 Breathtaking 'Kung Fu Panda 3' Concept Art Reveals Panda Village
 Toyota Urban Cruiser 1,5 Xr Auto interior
...
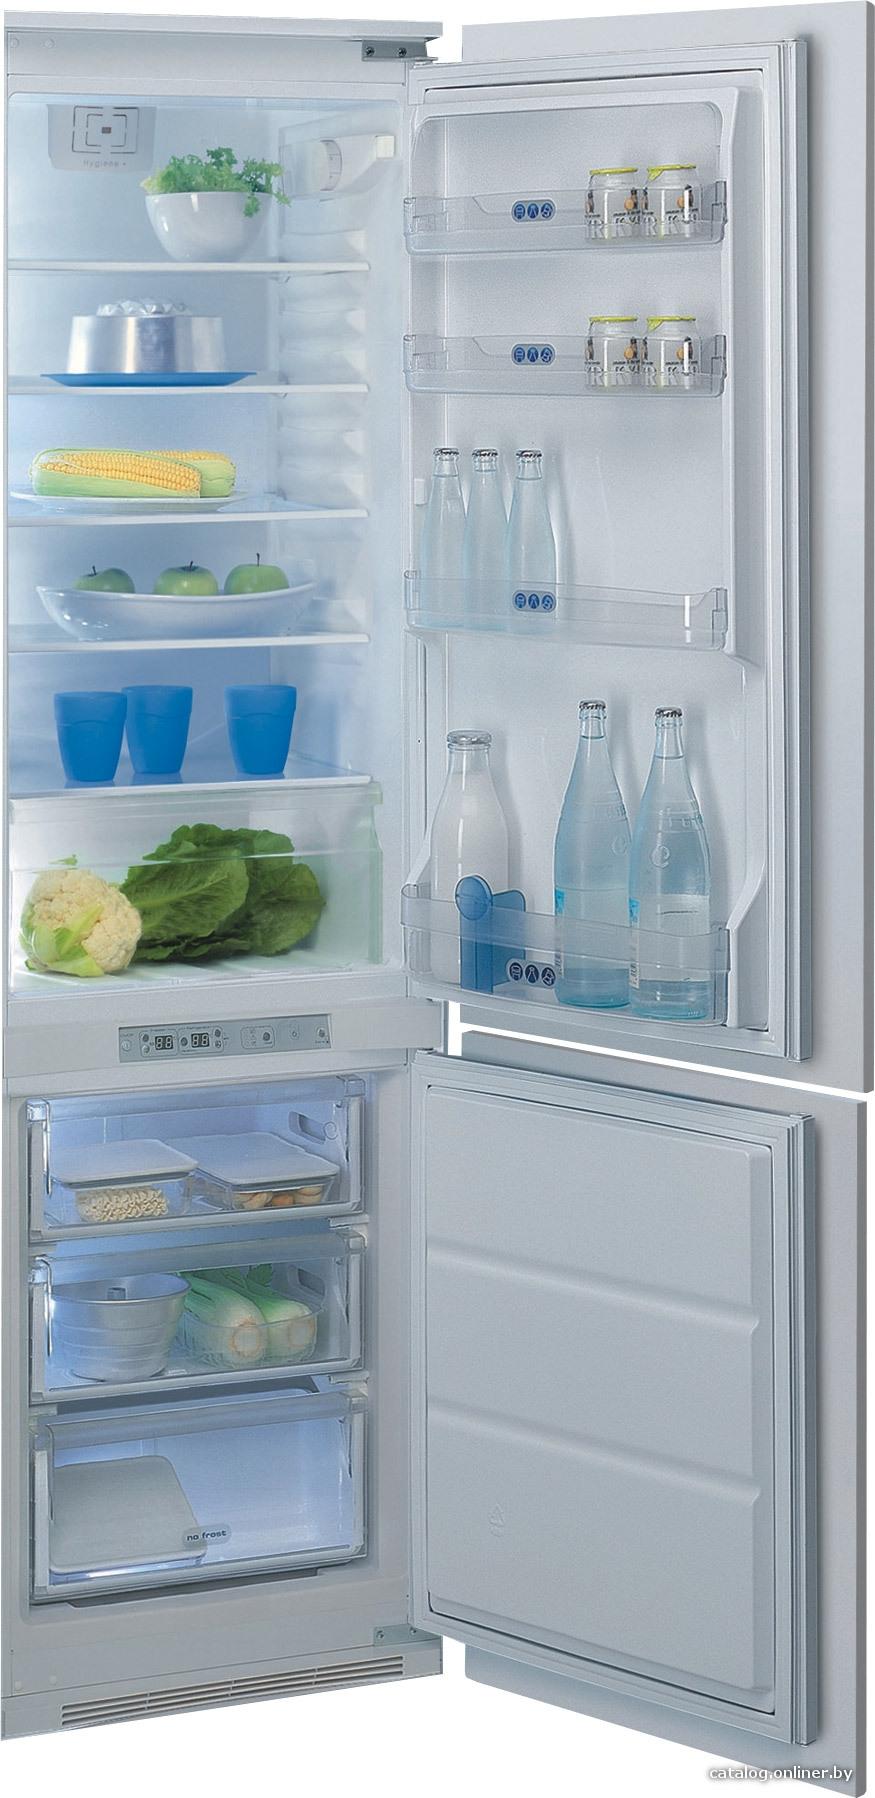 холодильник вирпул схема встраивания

▸ **What you need to do**:
Give an exact copy of the lines above from the line with "Breathtaking 'Kung Fu" up to and including the line with "Toyota Urban Cruiser 1,5 Xr Auto interior", and leave everything else out.

▸ **Result of the task**:
 Breathtaking 'Kung Fu Panda 3' Concept Art Reveals Panda Village
 Toyota Urban Cruiser 1,5 Xr Auto interior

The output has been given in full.